There's really not much you can do to knock a book that clearly had a lot of effort put into it. Marjorie Liu doesn't use gimmicks or cheap thrills to tell a story. She takes the necessary steps and I find it hard to really criticize a book like that. It wasn't perfect by any means. The plot with Gambit and his groin seemed a little random, like an excuse to get him out of the picture so X-23 could go solo. Then again, he did get fucked up in the last issue so it's not completely pulled out of the ass of the comic gods. Adding Cecilia Reyes was a nice touch as well, but again it felt like she wasn't somewhat of an afterthought. Since some characters only show up once in a blue moon, it's still nice to see her being used in some capacity.

But those shortcomings are really nit-picky. They're the kind of details that really don't take away from the story, the premise, or the characters. What really makes this issue feel special is that Marjorie Liu set up a story that incorporates X-23 into the greater Marvel universe. She's interacting with the big boys. Her story is crossing paths with others who happen to share the same world. It's a new twist on a series that's already had many. That's not easy to do in this day and age when everything has been done, parodied, and turned into a porno. For that, Marjorie Liu deserves all the praises my drunken slurs can manage! That's why I give X-23 #13 a 5 out of 5. It's a comic that's a solid, enjoyable read that doesn't require Marvel to use any lame gimmicks to make it awesome. Nuff said!


  1. I want to see her shank Reed Richards' scrawny rubber ass. I bought one issue of this because I love Gambit and I feel that he is underused and misrepreented when he IS used. It was the pirate issue, and I was so turned off by the fluffy artwork that I didn't bother with the next issue. To tell you the truth, I don't remember what happened in it. The art seems to have improved, so maybe I'll give her a second chance. As compelling as Wolverina is, I am so sick of claws in the Marvel U at this point that I vomit uncontrollably whenever I see adamantium in a comic.

  2. Fair enough with you wanting X-23 to gut Reed. lol She's definitely the girl for the job! As for Gambit, I agree to some extent that he's often poorly used. But I wouldn't say he's underused. He shows up in both this title and is a major contributer in X-men Legacy and at times, the adjectiveless X-men.

    If you're going to give this series another chance, this is the issue to do it! X-23 is not Wolverine and even though she's a clone, she's really set herself apart in this series. So I highly recommend this issue.


  3. Nice review.

    I didn't really have a problem with the sudden
    groin injury. Joking aside, the simple act of walking around causes some movement in that area, so it's pretty easy to aggrevate an existing injury there. Laura and Gambit have been doing a lot of travelling, so it's actually quite realistic to have him tear a stitch and need medical attention.

    It's also a nice reminder that not everyone has super healing factors. In a world where half the named super heroes can shrug off bullets and train collisions, having a character that is physically more vulnerable is important. It reminds us that what we see Laura doing should be considered extraordinary and badass - not just par for the course. (Of course the fact that Gambit can hang with Laura, jump off rooftops without a healing factor, and take a beating to save civilians adds to Gambit's cred too.)

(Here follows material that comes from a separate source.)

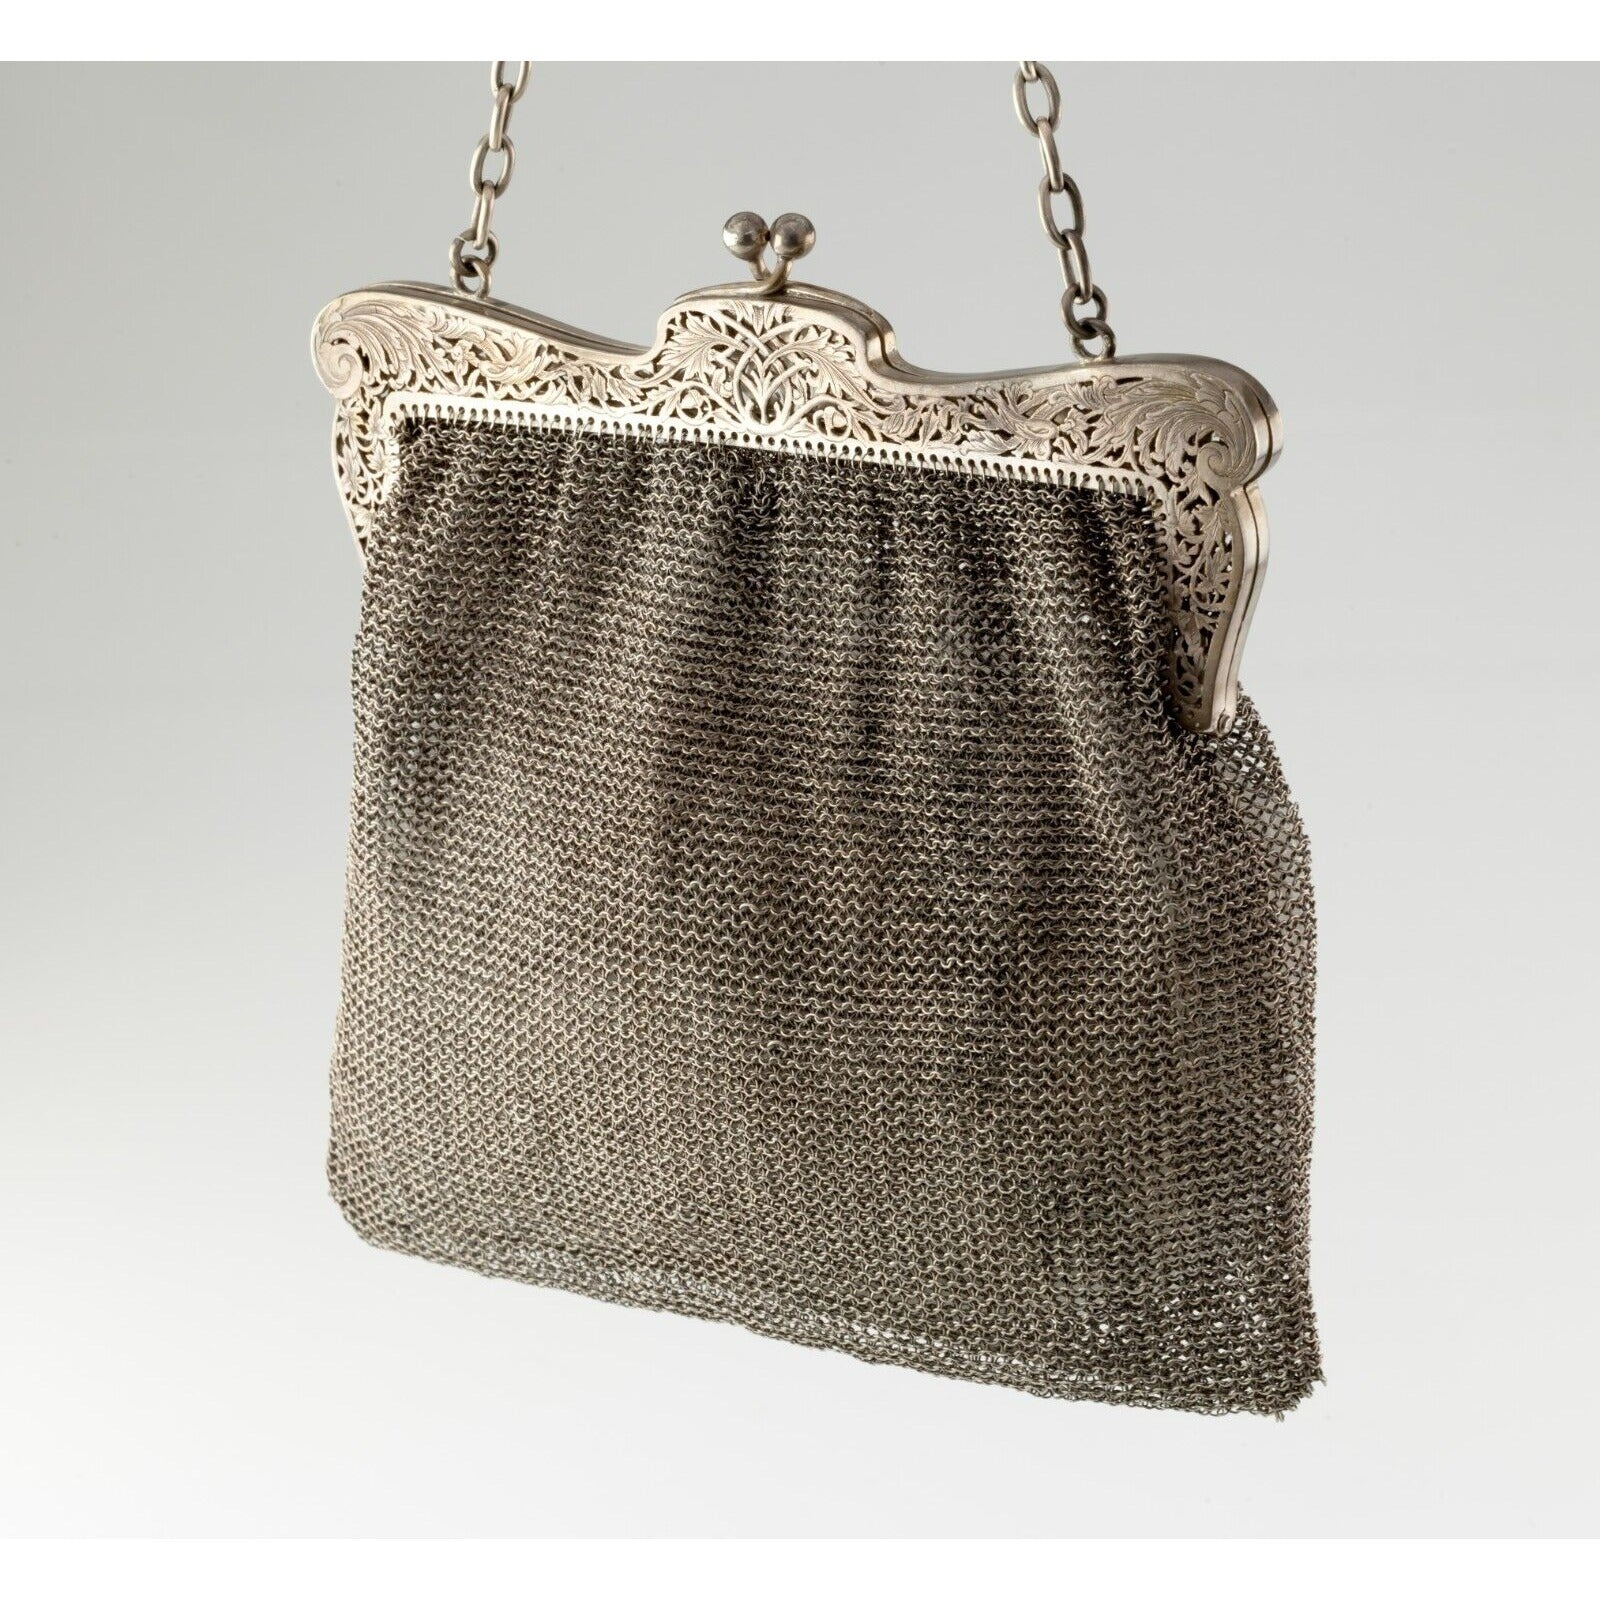 File:Vintage Sterling Silver Mesh Purse, Measures 5-1 4 Inches Wide  (15382344265).jpg - Wikimedia Commons

    As far as plot devices go, the groin injury realistic and achieves multiple plot objectives. Which is pretty impressive. But it also provides a canon situation where Wolverine has handled Gambit's wedding tackle (remember who was stitching him up back in #12). Given Liu's fangirl origin, I can't help but think sneaking this past the editor was the real agenda.

  4. As a man, I think I have a righ to be troubled by a groin injury. lol But seriously, it did seem a bit too convenient. All it really did was get Gambit out of the picture. It just seemed like a ploy, but it didn't take away from the issue too much.

    I'm glad you still enjoyed the review. I really like what Marjoire Liu is doing. If this is what she's capable of by sneaking shit past the editor, then she can sneak away for all I care!